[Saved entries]
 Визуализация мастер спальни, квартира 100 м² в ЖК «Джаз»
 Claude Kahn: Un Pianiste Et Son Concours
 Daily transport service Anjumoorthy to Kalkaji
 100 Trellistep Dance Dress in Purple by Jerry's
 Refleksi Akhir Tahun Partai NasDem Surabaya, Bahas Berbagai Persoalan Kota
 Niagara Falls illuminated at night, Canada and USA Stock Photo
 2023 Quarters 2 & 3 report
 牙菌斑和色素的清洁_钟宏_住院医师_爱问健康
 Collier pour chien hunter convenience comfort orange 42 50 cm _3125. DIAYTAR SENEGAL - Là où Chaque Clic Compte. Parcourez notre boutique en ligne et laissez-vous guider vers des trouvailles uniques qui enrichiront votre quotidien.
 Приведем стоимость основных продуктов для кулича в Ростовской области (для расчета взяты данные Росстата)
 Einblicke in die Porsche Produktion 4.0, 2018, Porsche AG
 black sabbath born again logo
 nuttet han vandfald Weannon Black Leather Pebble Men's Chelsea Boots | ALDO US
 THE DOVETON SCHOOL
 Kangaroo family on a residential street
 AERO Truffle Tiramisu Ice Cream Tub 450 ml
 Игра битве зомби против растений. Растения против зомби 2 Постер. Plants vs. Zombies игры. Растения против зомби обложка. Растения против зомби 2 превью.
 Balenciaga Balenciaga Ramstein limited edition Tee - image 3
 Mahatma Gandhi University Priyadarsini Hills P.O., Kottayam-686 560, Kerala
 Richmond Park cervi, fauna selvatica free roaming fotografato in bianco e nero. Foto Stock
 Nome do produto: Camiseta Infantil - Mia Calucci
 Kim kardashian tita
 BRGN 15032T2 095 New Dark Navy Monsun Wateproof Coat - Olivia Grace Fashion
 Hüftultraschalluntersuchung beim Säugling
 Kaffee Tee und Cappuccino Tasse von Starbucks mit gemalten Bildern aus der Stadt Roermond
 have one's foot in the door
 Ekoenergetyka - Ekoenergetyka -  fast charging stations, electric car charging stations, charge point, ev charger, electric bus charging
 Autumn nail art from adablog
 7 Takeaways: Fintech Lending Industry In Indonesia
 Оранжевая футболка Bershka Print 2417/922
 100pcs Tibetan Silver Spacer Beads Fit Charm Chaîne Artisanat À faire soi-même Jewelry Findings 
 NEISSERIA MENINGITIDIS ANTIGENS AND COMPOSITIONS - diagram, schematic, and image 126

§ **Work instruction**:
What you write should match, character for character, the lines from the one with "Mahatma Gandhi University" to the end of the data, both included.

§ **Task solution**:
 Mahatma Gandhi University Priyadarsini Hills P.O., Kottayam-686 560, Kerala
 Richmond Park cervi, fauna selvatica free roaming fotografato in bianco e nero. Foto Stock
 Nome do produto: Camiseta Infantil - Mia Calucci
 Kim kardashian tita
 BRGN 15032T2 095 New Dark Navy Monsun Wateproof Coat - Olivia Grace Fashion
 Hüftultraschalluntersuchung beim Säugling
 Kaffee Tee und Cappuccino Tasse von Starbucks mit gemalten Bildern aus der Stadt Roermond
 have one's foot in the door
 Ekoenergetyka - Ekoenergetyka -  fast charging stations, electric car charging stations, charge point, ev charger, electric bus charging
 Autumn nail art from adablog
 7 Takeaways: Fintech Lending Industry In Indonesia
 Оранжевая футболка Bershka Print 2417/922
 100pcs Tibetan Silver Spacer Beads Fit Charm Chaîne Artisanat À faire soi-même Jewelry Findings 
 NEISSERIA MENINGITIDIS ANTIGENS AND COMPOSITIONS - diagram, schematic, and image 126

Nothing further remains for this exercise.